Just to let everyone know it was a very respectable, and professional send off for Franky. Roads were blocked by Edmonton City Police, he had an escort gaurd and an honour gaurd, the pipers were there marching and as well as dismounted horse soldier. His casket was in tow behind the LAV followed by his casket party (which did an excellent job, lead by Sgt Ron A and the TOW Coy boys). The ceremony was touching as his uncle was the designated spokesman, and there was not a dry eye in the house when his father gave his speech. His Uncle and his Aunt both sang ( one was in total Venezuelan ). There was a fair showing from friends and collegues from his days in the Para's, all they way through to now Echo Coy. Some old faces such as Jay B and Steve C, Jay A were their, as well as unforgetables like Chief ( Bergseth), and YH and Snowshoes Morrison. Their wasn't a showing from any one from Shilo, understandable though,  just as well as the funeral home probably couldn't of held to many more pers. For your info there is a guest book on line if you wish to submit a statement, alot of these were read at the funeral, plus I know his parents like to read the entries. I spoke with his father after the ceremony and he is in good spirits all things considered, and sent him condolences from not only my family but for all those who couldn't make it. I can't stress this enough that it was an outstanding job done by all. I will leave you with the last statement of the ceremony that was quoted from Fransico Oliver Gomez when he was explaining why he wanted to go to Afgahnastan "Somebody has to stop the bullies from hurting the children!"


----------



## Jake (2 Aug 2006)

Signed the book and gave a statement.

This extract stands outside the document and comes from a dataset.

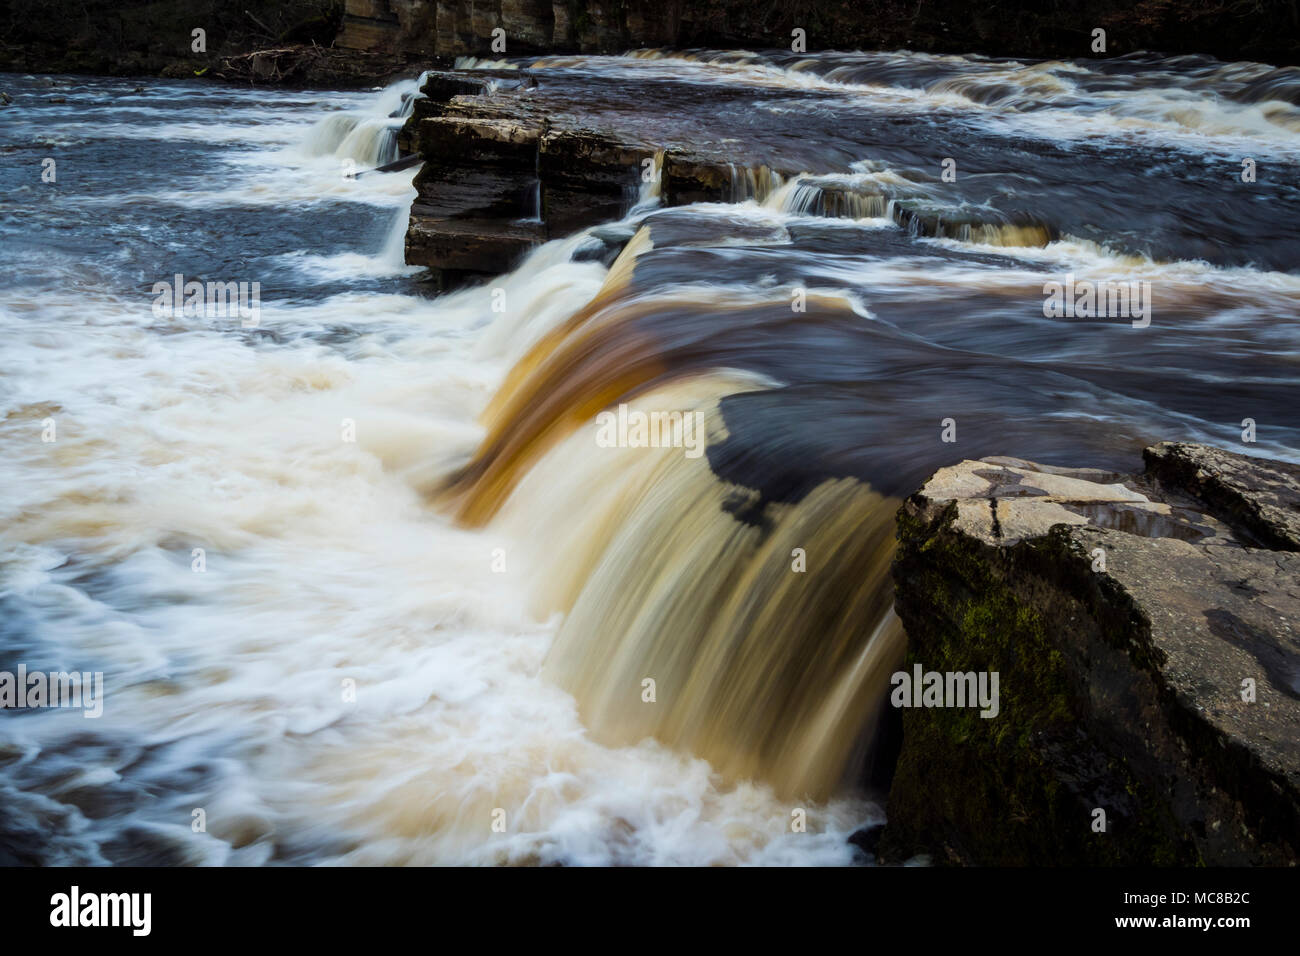 Le cascate, Fiume Swale, Richmond, North Yorkshire Foto Stock

It's good to see lots of people have done the same.


----------



## Scoobie Newbie (2 Aug 2006)

Thank you


----------



## Jake (2 Aug 2006)

Did you know him Quagmire?


----------



## Scoobie Newbie (2 Aug 2006)

Yes, yes I did.


----------



## Jake (3 Aug 2006)

My condolences, sounds like he was a hell of a guy.


----------



## Scoobie Newbie (3 Aug 2006)

Strong silent type.


----------